Handling the 'we are done' logic was pretty simple. The function I had written before, checkComplete, worked by counting the selected entries in each game. If each game had one selected entry, then the round was complete. At the same time, it created an array of winning teams. This was used to populate the next round, but could also be used to determine if the entire game was done. How? Simple - if we only had one winning team, then it must be the final round. Here is the modified checkComplete function, note the check on the winningTeam size.

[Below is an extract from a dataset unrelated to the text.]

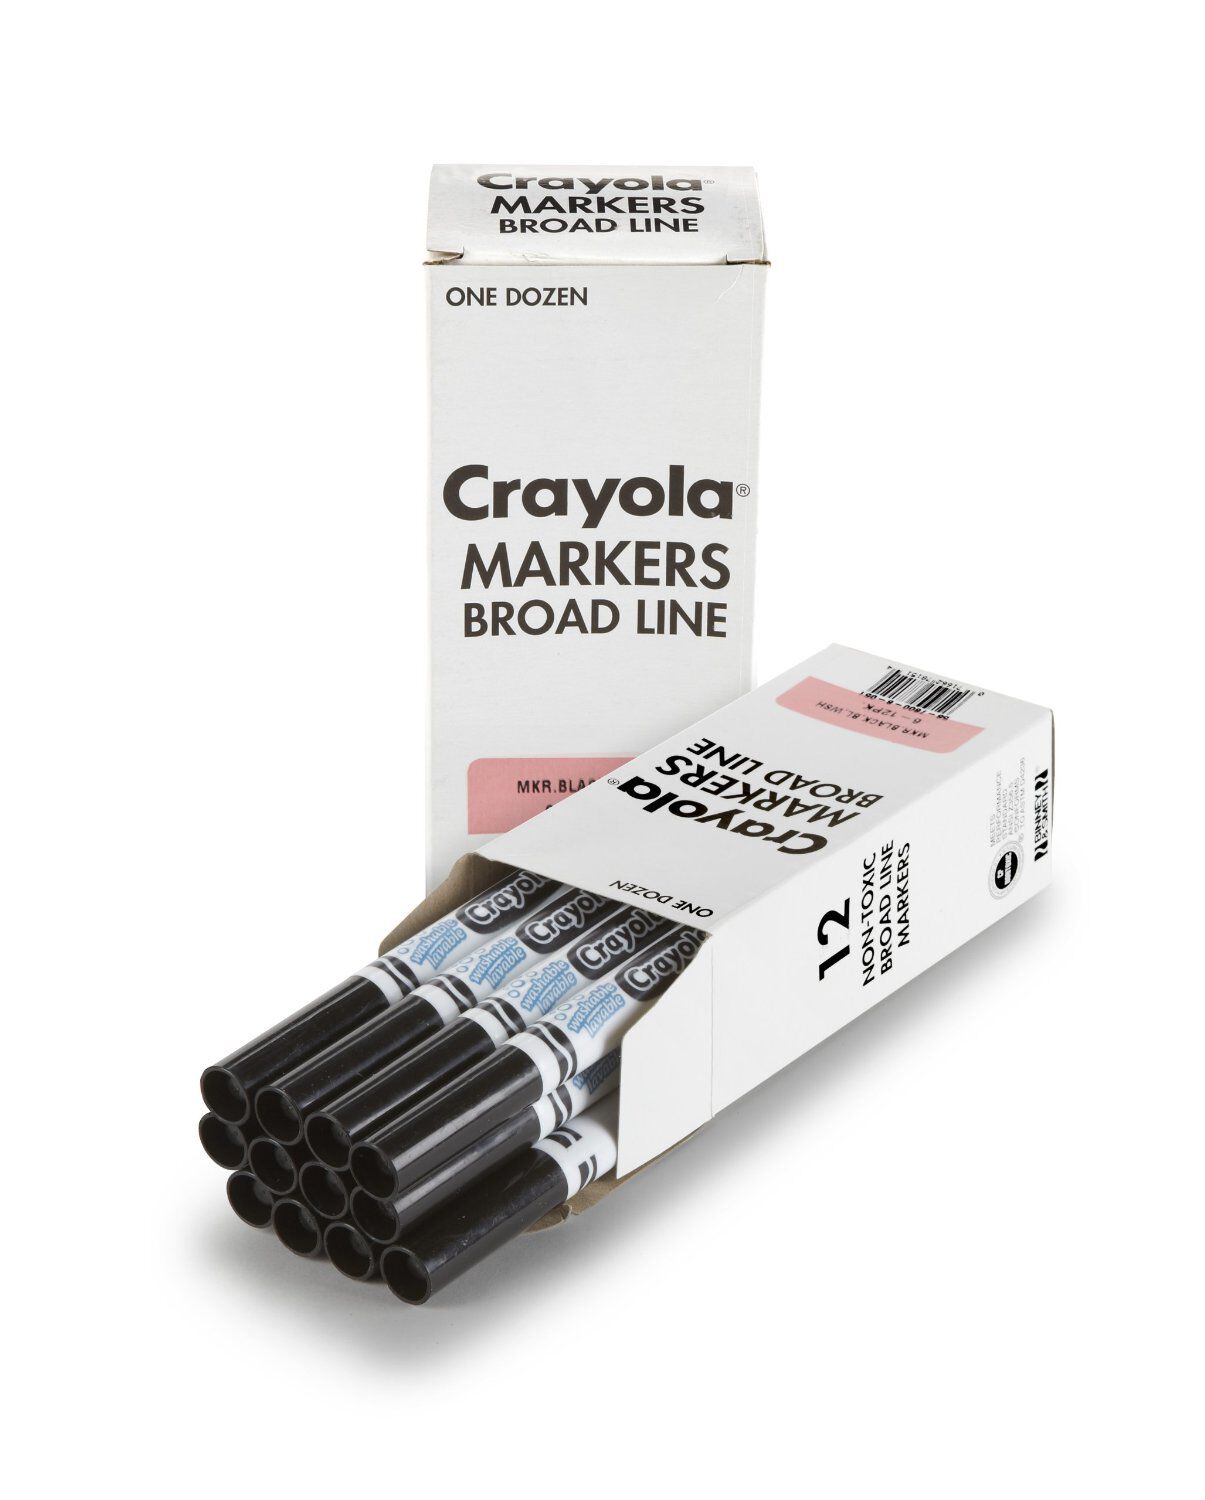 Crayola Black Markers in Bulk, 12 Count, Crayola.com

function checkComplete() {
 	//get all the games at this round
 	var round = rounds[currentRound]
 	var allGood = true
 	var winningTeams = []
 	for(var i=0;i<round.length;i++) {
  		//for each, if both aren't selected, allGood is false
  		var totalselected = $("#round_"+currentRound+" #selectable_"+i+" > li.selected").size()
  		if(totalselected != 1) {
   			allGood=false
   			break
   		} else {
   			//this is the id of selected team
   			var winningid = $("#round_"+currentRound+" #selectable_"+i+" > li.selected").attr("id")
   			//its in the form team_
   			var id = winningid.split("_")[1]
   			var winningname = $("#round_"+currentRound+" #selectable_"+i+" > li.selected").attr("innerHTML")
   			winningTeams[winningTeams.length] = {id:id,name:winningname}
   			round[i].winningTeam = id
   		}
  	}
 	
 	if(allGood) {
  
  		//Before going on, see if we are on the last round. If winningTeams.length == 1, that means the end
  		if(winningTeams.length == 1) { wrapUp(); return; }
  		currentRound++
  		//first round
  		rounds[currentRound] = []
  			
  		//assign new games
  		for(i=0;i < winningTeams.length; i=i+2) {
   			var game = {}
   			game.team1 = winningTeams[i]
   			if(winningTeams[i+1] != null) game.team2 = winningTeams[i+1]
   			rounds[currentRound][rounds[currentRound].length] = game
   		}
  			
  		//draw the games
  		drawGames(currentRound)
  	
  	}
}


The wrapup function will be fired off if the final winner is selected. I began by simply turning on a button that will be used to submit the data. I added this button at the end of my page:

<button id="saveData" style="display:none">Send Picks</button>	


My wrapup function fades the button in and binds a click even:

function wrapUp() {
 	$("#saveData").fadeIn().click(function() {


The click logic needs to send the data to the server. Normally that's easy enough. but our data isn't a simple flat set of form fields. Each round consists of games, and each game is an array of teams. For some reason, I'm always suprised when I remember that jQuery doesn't include a native way to serialize to JSON. A quick Google search turned up jquery-json, a JSON serialization plugin for jQuery. I converted my round data into JSON like so:

var jdata = $.toJSON(rounds)


Once converted to JSON, I then posted it to the server:

$.post('handleresult.cfm',{info:jdata},function(data) {
 	alert('Result from server: '+$.trim(data))			
})


I made one small change to my earlier logic. While you could determine of a game by looking at the games in the next round, that involved a bit too much work and wouldn't be usable in the final round. I modified my earlier code to add a winningTeam property to each game when checking to see if the game was complete. Remember that you can view the entire source on the demo (link coming up at the end). The server side code doesn't actually do anything fancy. It grabs the final winning ID and echos it back:

<cfparam name="form.info" default="">

<cfif isJSON(form.info)>
	<cfset info = deserializeJSON(form.info)>
	<cfset lastRound = arrayLen(info)>
	<cfset lastGame = arrayLen(info[lastRound])>
	<cfset winnerId = info[lastRound][lastGame].winningTeam>
	<cfoutput>Winning id = #winnerId#</cfoutput>
<cfelse>
	<cfoutput>Bad data was sent.</cfoutput>
</cfif>


While there is definitely some room for improvement here, I'm going to wrap things up for now. I'd love to get some feedback, and perhaps even modified/sexier versions, so please share!